OLYMPIC-bound sailor Andrew Lewis said on Thursday that every bit of success he achieves at the Olympic Games in Tokyo, Japan this year will be dedicated to his homeland, Trinidad and Tobago.
The 31-year-old Lewis was speaking at a special send-off, at the TT Yachting Association compound in Chaguaramas.
Lewis will leave for his training base at the Canary Islands on Saturday, before he heads off to acclimatise in Tokyo before the rescheduled Games, which is expected to take place from July 23 to August 8.
“Trinidad and Tobago is small but mighty,” said Lewis, who will be competing in his third Olympics. “The sport of sailing is small but, thanks to the vision that I shared with my father (David) and he shared with me, one day you’ll see a lot of white sails on the Foreshore. Thanks to the Mayor (of Port of Spain Joel Martinez) for that.”
According to Lewis, “I do receive taxpayers’ money to do what I do, I do receive corporate TT (funds) to do what I do. But I want to help as many people as I can.”

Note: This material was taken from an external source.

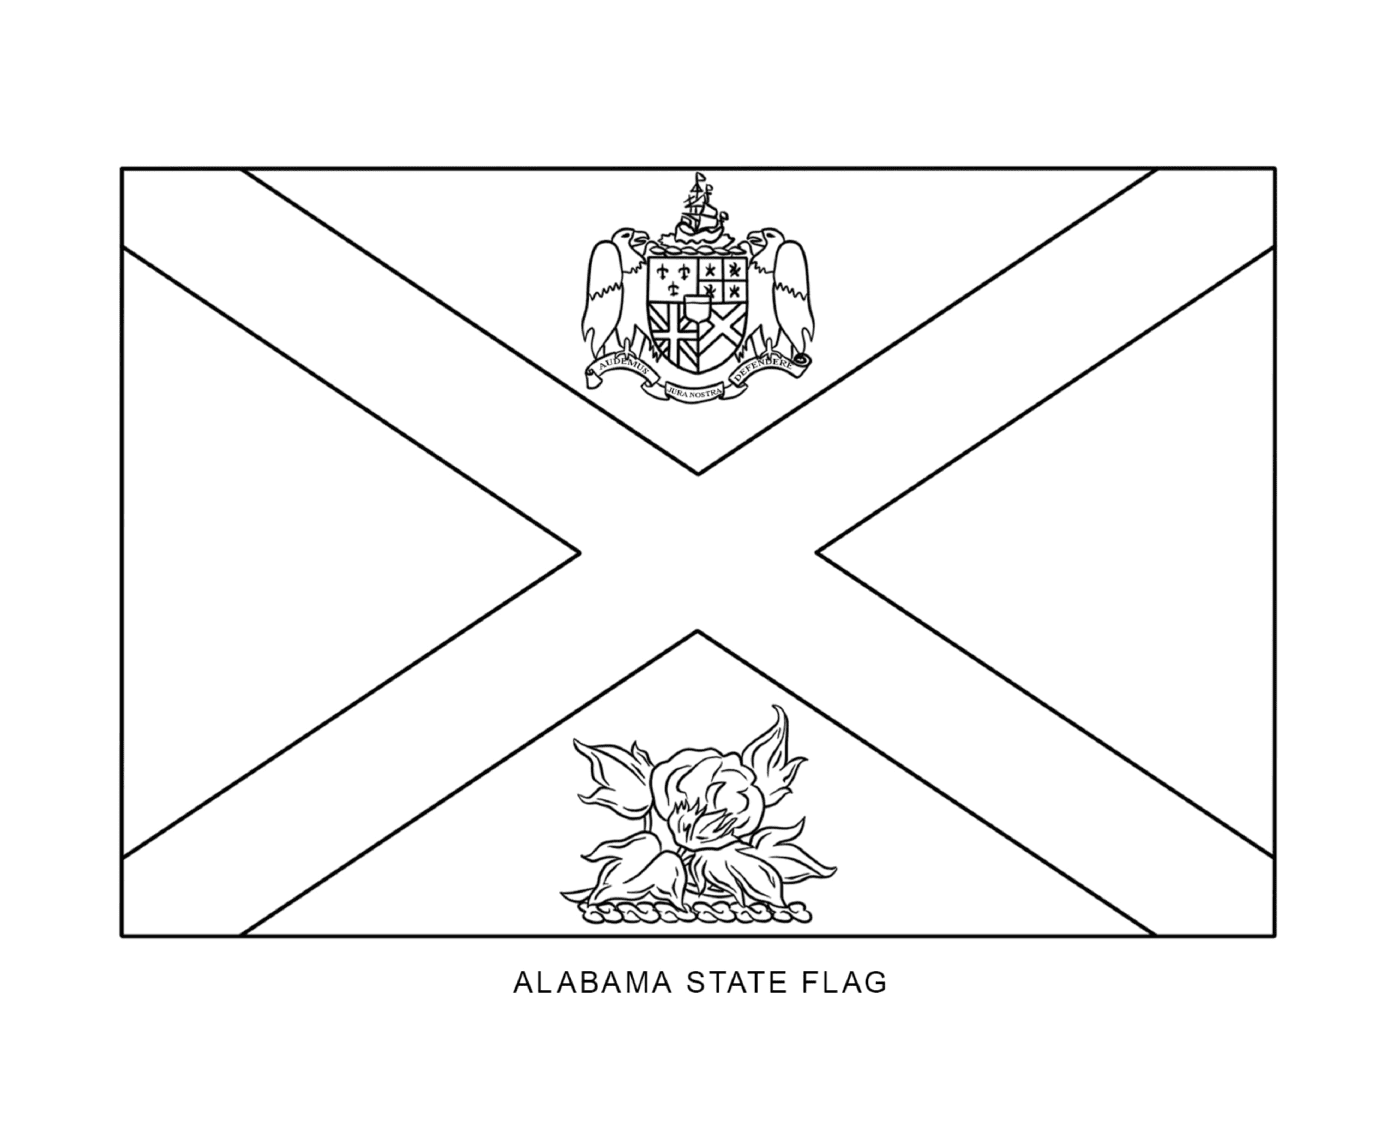  Bandeira do Estado do Alabama desenhada 
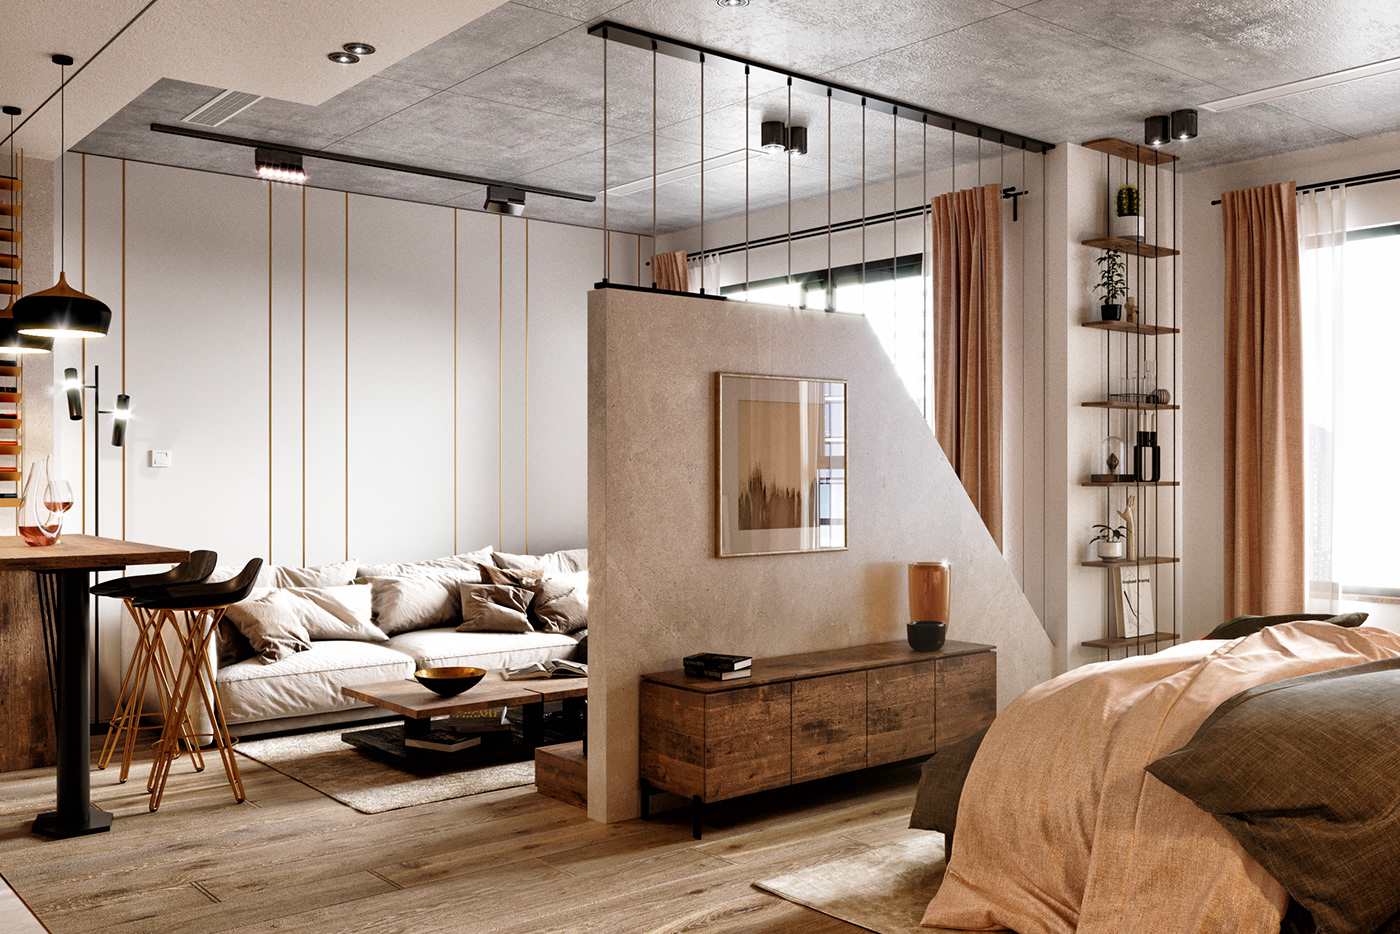 3ds max architecture art corona renderer design furniture house Interior photoshop

With regards to the Olympics, Lewis said, “When I return with silverware, hopefully, my role is to, pretty much, hand over any success I (achieve). It’s not for me. You cannot take any medal to the grave. It’s for this country. I do what I do because I’ve been gifted with life.”
Lewis, who revealed that his first-born child is due on July 4, also shared a message to the nation.
“Let the pandemic teach us an important lesson, the healthy one would become the wealthy one. I don’t mean money, I mean purpose. TT is my home and I would represent it to the best of my ability.”
He said, “I’ll be leaving Saturday morning to my training base in the Canary Islands. I’ll be spending there approximately two months. The goal is to race there, train there. It’s a very safe environment to be. And, as soon as possible, I’m going to get to Tokyo.”
President of the TT Olympic Committee, Brian Lewis, said, “Andrew represents what Team TTOC stands for, an indomitable will, a resilience and a deep commitment to represent this place called TT.”
The TTOC president, in a no-nonsense mood, continued, “I make no apologies for saying this. It is not easy representing this country in sport. Our athletes, regardless of creed, race, ethnicity, class, socio-economic background, have it very difficult.”
Lewis added, “Many people don’t really appreciate what covid19 has done for our athletes, economically, physically, emotionally and mentally. Their commitment, in the face of covid, to deal with the uncertainty and unpredictability of an unprecedented public health crisis should be held up to this country as a role model. At this point, just qualifying for Tokyo 2020 is an achievement.”
The TTOC boss pointed out, “Andrew is going off (to the Canary Islands). Thanks to his family, his well-wishers and his corporate partners. But others aren’t so fortunate and they are still struggling against the tide, with less than four months to go.”
Also speaking at the event were Mayor Martinez, Sports Company of TT chairman Douglas Camacho, Sports Ministry’s director of physical education and sport Gabre McTair as well as sponsors’ representatives Camille Salandy (Atlantic), Karen Tom Yew-Jardine (Republic Bank), Sarita Persad (Tatil), Guillermo Rojo (Trinidad Cement Limited).